- Born: 15 April 1982 Mexico City
- Died: 28 January 2014 (aged 31) Mexico City
- Occupation: Writer

= Sergio Loo =

Mexican poet and novelist

Sergio Carrillo Loo (April 15, 1982 in Ciudad de México – January 28, 2014) was a Mexican poet and novelist.

== Biography ==
Sergio Loo was born on 15 April 1982 in Mexico City. He graduated from the Escuela de la Sociedad General de Escritores de México (SOGEM) and the Especialización en Literatura Mexicana del Siglo XX (UAM Azcapotzalco). He was the recipient Poesía de Jóvenes Creadores grant from the National Endowment for Culture and the Arts in Mexico (FONCA) between 2013 and 2014, and he was a contributor to national publications, while participating in various cultural projects. From 1997 to 2003, he formed part of the Parodia de Vivos, a multidisciplinary collective, and was preparing an anthology of Mexican poets born after 1977.

He collaborated in Fantasiofrénia, Antología del cuento dañado (2003), Paso al Frente (2004), Descifrar el Laberinto (2005) El fungible: especial de relatos (2006). In 2006, he published his first book of poems titled Claveles automáticos with Harakiri plaquettes, 2006. In 2007, he published Sus brazos labios en mi boca rodando (Fondo Editorial Tierra Adentro, 2007), with a digital version that was published in 2013 by the Spanish publishing house Foc. In 2010, he received a grant to study abroad at the Universidad Pompeu Fabra in Barcelona, Spain.

"It is the painful and sentimental chronicle of a generation, of an era; it is a hymn to friendship and disloyalty; it is a cry of horror at the transience of things, of life. And it is also the self-portrait of marginalized beings who find a refuge for their differences in other marginalized beings. (Drug addicts, homosexuals, dark identities, drug traffickers ...)"
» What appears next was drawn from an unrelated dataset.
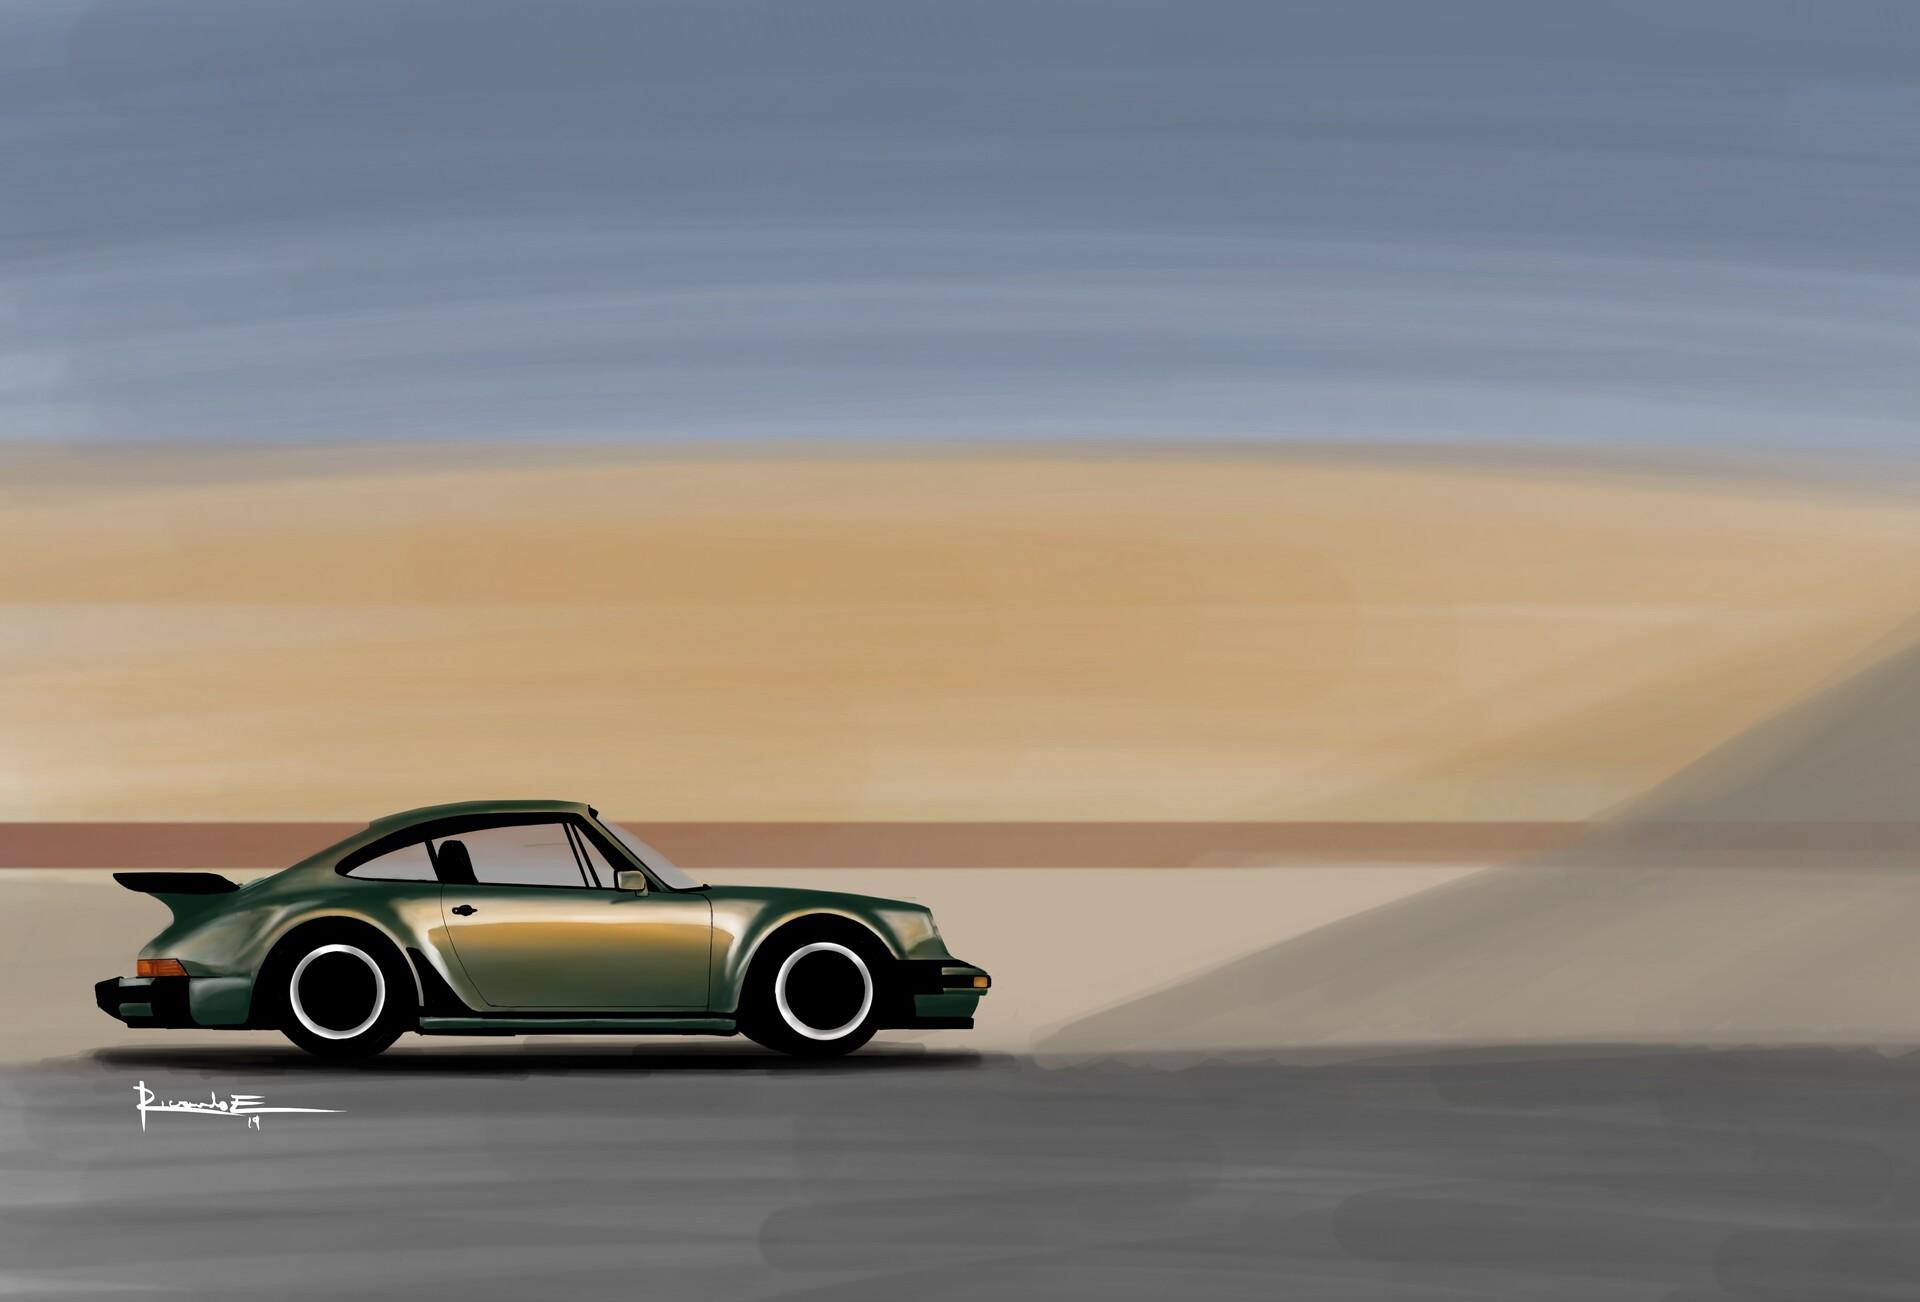 Ricardo Echeverria 1980 Porsche 911 Turbo

In 2012, he published Guía Roji (IVEC, 2012). After his death, the Universidad Autónoma de Nuevo León published Postales desde mi cabeza (UANL, 2014). In November 2015, Ediciones Acapulco published the posthumous book Operación al cuerpo enfermo, in which the lines between artistic, literary and sexual genres are erased to serve one vital purpose: to bear witness to the author's path toward death.

In addition to dedicating himself to poetry and narrative texts, Loo also participated as co-scriptwriter for the short films Atmósfera (2010) and Nubes flotantes (2013), and for the feature film Yo soy la felicidad de este mundo (2014) by Mexican director Julián Hernández. Hernández also directed the short film Muchachos en la azotea (2016), based on one of Loo's ideas.

=== Death ===
Sergio Loo died in Mexico City on 28 January 2014, at the age of 31 due to complications from the cancer that had been detected in his leg in 2011. He never denied his homosexuality, an integral element to understanding his work.

=== Poetry ===

- Claveles automáticos (Harakiri ediciones, 2006)
- Sus brazos labios en mi boca rodando (Fondo Editorial Tierra Adentro, 2007)
- Guía Roji (IVEC, 2012)
- Postales desde mi cabeza (Universidad Autónoma de Nuevo León, 2014)
- Operación al cuerpo enfermo (Ediciones Acapulco, 2015). Posthumous edition.
- Operación al Cuerpo Enfermo / Operation on a Malignant Body (Kin(d)* Texts & Projects, 2019). Posthumous edition, translated into English by Will Stockton.

=== Novel ===

- House: retratos desarmables (Zeta, 2011)
- Narvarte pesadilla (Editorial MoHo, 2017). Posthumous edition.